Thanks for pointing that out!

Anyway he/she clearly says the rat was fed straight to the snakes so it certainly paid the price for its error!


----------



## DeclanAndAmy

to everyone who is making out like we blamed the rat, no we didnt. they were in a secure cage in a cupboard, with the door shut, sorry i didn't realise it would chew through metal bars!!! it couldn't have got out the cupboard door so the only hole we found possible for it to get out was the pipes that go into the wall and through to the living room! so i dont need a lecture on how to house my animals if metal bars aren't good enough then what is? i bought the 'RAT CAGE' from pets at home!
and to those who think i didnt treat the rats properly the adults were breeders, we were going to use the babies as food. the rats got fresh water and food everyday and cleaned twice a week so don't judge if you don't know !

i am hardly going to stamp on a rats head or chuck it off a cliff, these people were just expressing their anger knowing a rat is capable of this. we killed the rat who done it before we fed it to the snakes too, cause if we didn't it would be illegal.

it was an accident which happened, we have learnt our lessons and got rid of the rats.

rest in peace beardies, miss you loads x


----------



## tortoise_dude

Actually the 'saddist' thing I have ever read is the title of this post! Sadd*E*st!!

I cannot believe the reaction of some people on this forum. To those who have said they hate rats and that they should 'have their heads stomped on' or 'be dropped from a great height'- I'm sure they'd have been the first to complain if someone's escaped snake had eaten a rat and the shoe was on the other foot!

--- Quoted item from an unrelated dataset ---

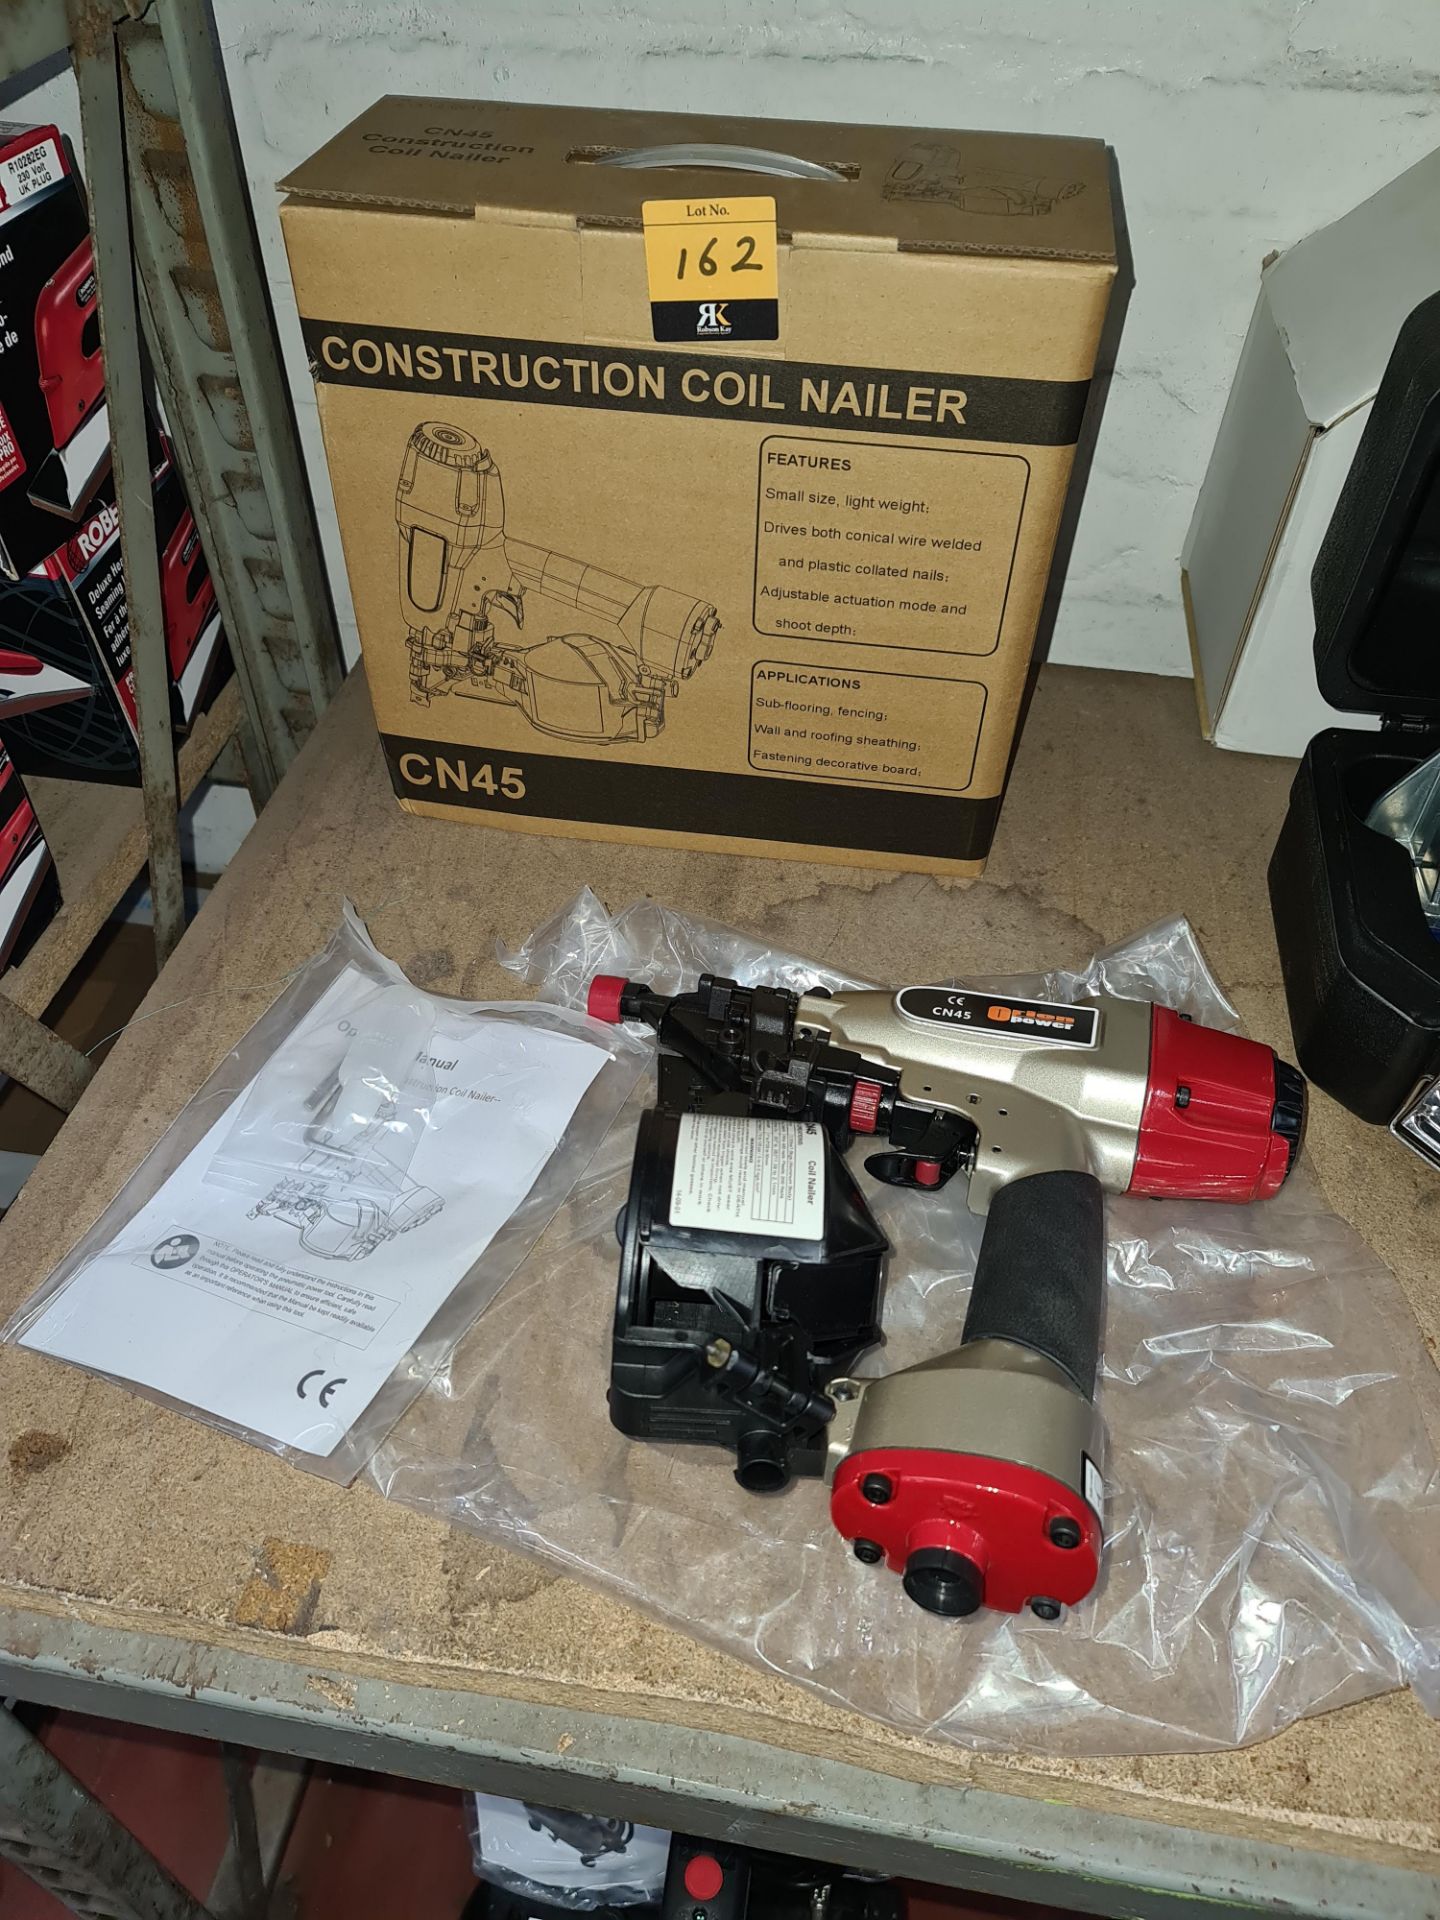 Orion power construction coil nailer model CN45Lots 31 - 328 comprise the total assets of a flooring

Disgusting, I cannot believe you can keep animals as pets but hold other living beings with such low regard. Horrible.


----------



## Zoo-Man

DeclanAndAmy said:


> to everyone who is making out like we blamed the rat, no we didnt. they were in a secure cage in a cupboard, with the door shut, sorry i didn't realise it would chew through metal bars!!! it couldn't have got out the cupboard door so the only hole we found possible for it to get out was the pipes that go into the wall and through to the living room! so i dont need a lecture on how to house my animals if metal bars aren't good enough then what is? i bought the 'RAT CAGE' from pets at home!
> and to those who think i didnt treat the rats properly the adults were breeders, we were going to use the babies as food. the rats got fresh water and food everyday and cleaned twice a week so don't judge if you don't know !
> 
> i am hardly going to stamp on a rats head or chuck it off a cliff, these people were just expressing their anger knowing a rat is capable of this. we killed the rat who done it before we fed it to the snakes too, cause if we didn't it would be illegal.
> 
> it was an accident which happened, we have learnt our lessons and got rid of the rats.
> 
> rest in peace beardies, miss you loads x


So the rat's cage was inside a cupboard? Wow, your a great animal keeper! Deprive the rats of light, visual stimulation, decent air flow, etc. 

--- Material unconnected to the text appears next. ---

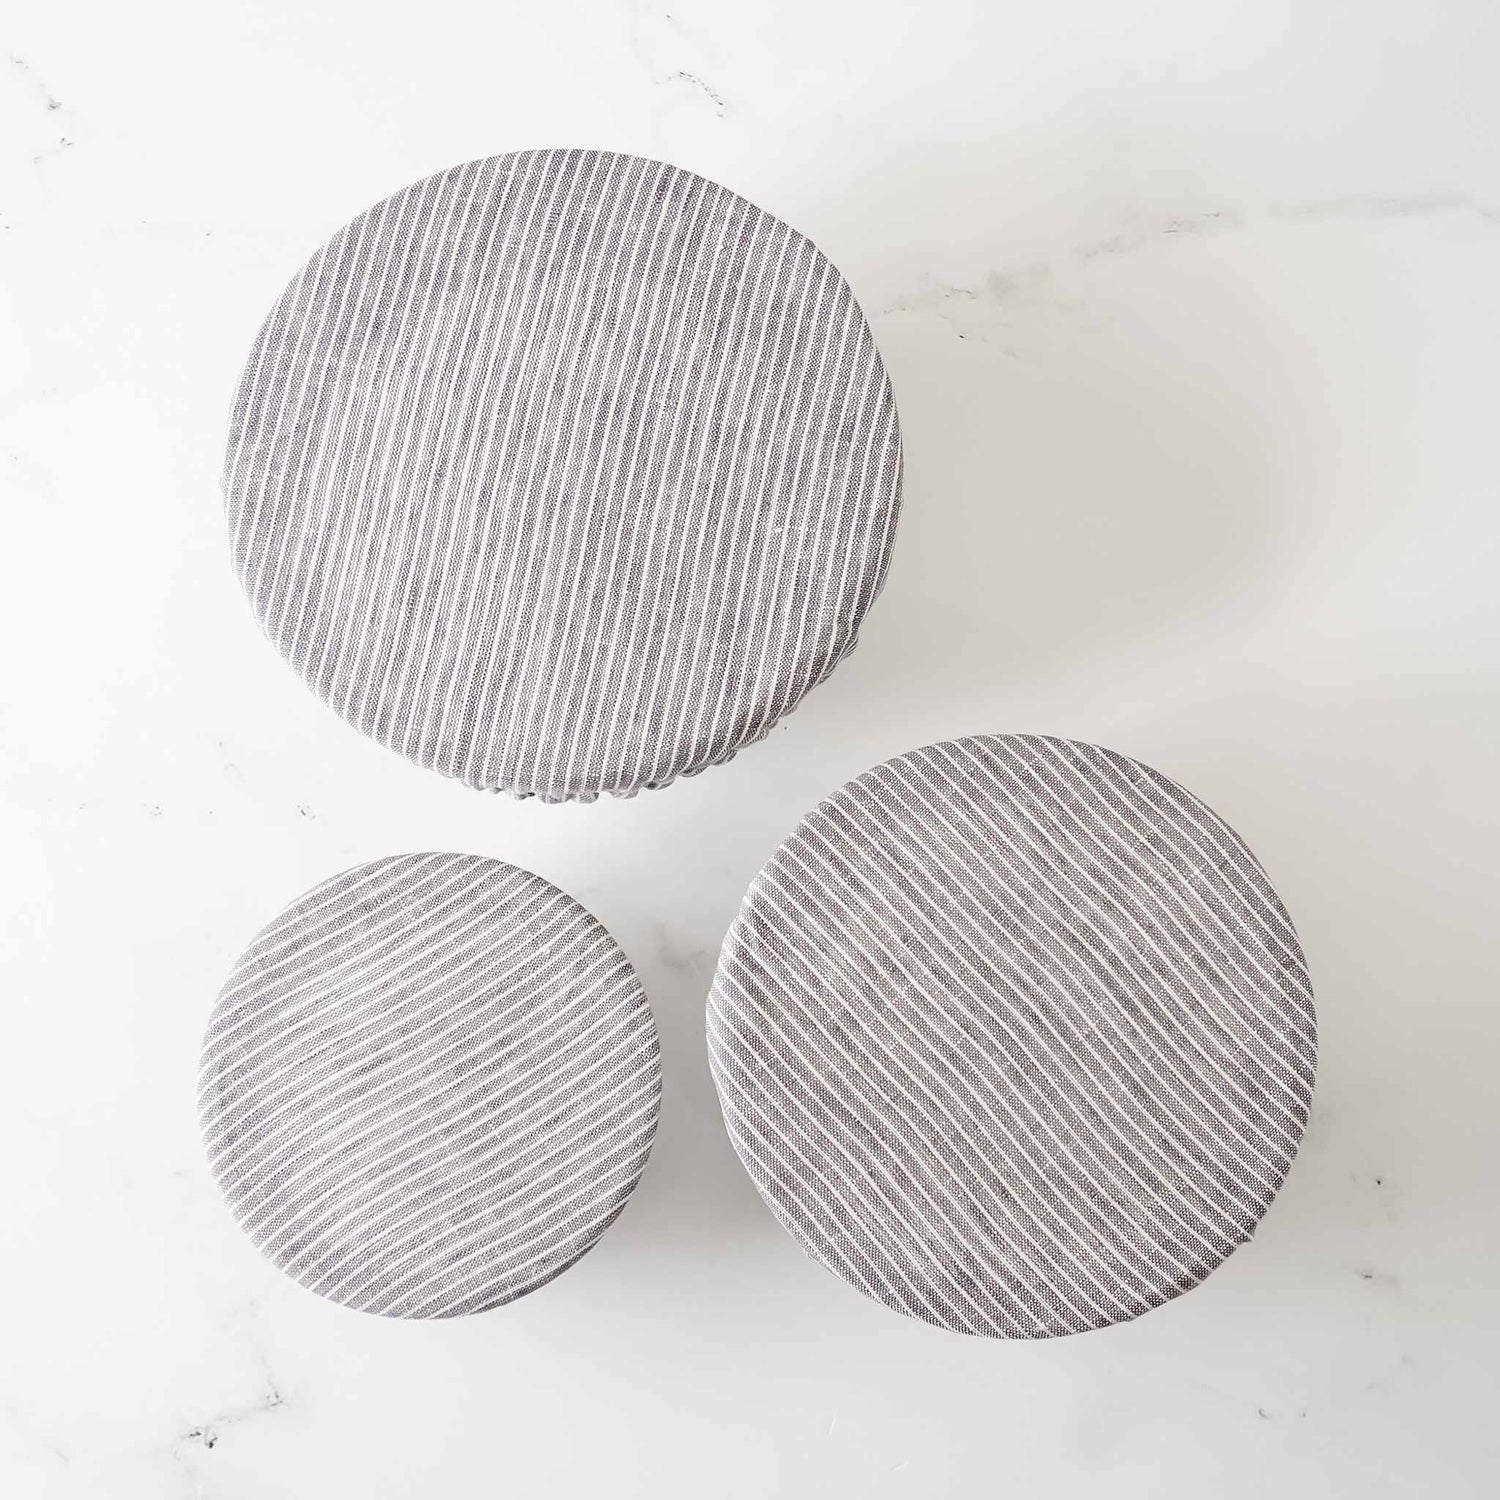 linen dish covers in gray and white stripe

<whats that noise? Oh its the dog, we keep him in a box under the stairs, he want to come out for a wee>


----------



## ami_j

DeclanAndAmy said:


> to everyone who is making out like we blamed the rat, no we didnt. they were in a secure cage in a cupboard, with the door shut, sorry i didn't realise it would chew through metal bars!!! it couldn't have got out the cupboard door so the only hole we found possible for it to get out was the pipes that go into the wall and through to the living room! so i dont need a lecture on how to house my animals if metal bars aren't good enough then what is? i bought the 'RAT CAGE' from pets at home!
> and to those who think i didnt treat the rats properly the adults were breeders, we were going to use the babies as food. the rats got fresh water and food everyday and cleaned twice a week so don't judge if you don't know !
> 
> *i am hardly going to stamp on a rats head or chuck it off a cliff*, these people were just expressing their anger knowing a rat is capable of this. *we killed the rat who done it before we fed it to the snakes too, cause if we didn't it would be illegal.*
> 
> it was an accident which happened, we have learnt our lessons and got rid of the rats.
> 
> rest in peace beardies, miss you loads x


so you werent going to do those things yet you still killed it out of spite?


----------



## bobby

Also, feeding live is not illegal....it worries me that you tried to go into feeder breeding without even knowing the legalities. What a tool. Have you considered just packing it all in?


----------



## Zoo-Man

bobby said:


> Also, feeding live is not illegal....it worries me that you tried to go into feeder breeding without even knowing the legalities. What a tool. Have you considered just packing it all in?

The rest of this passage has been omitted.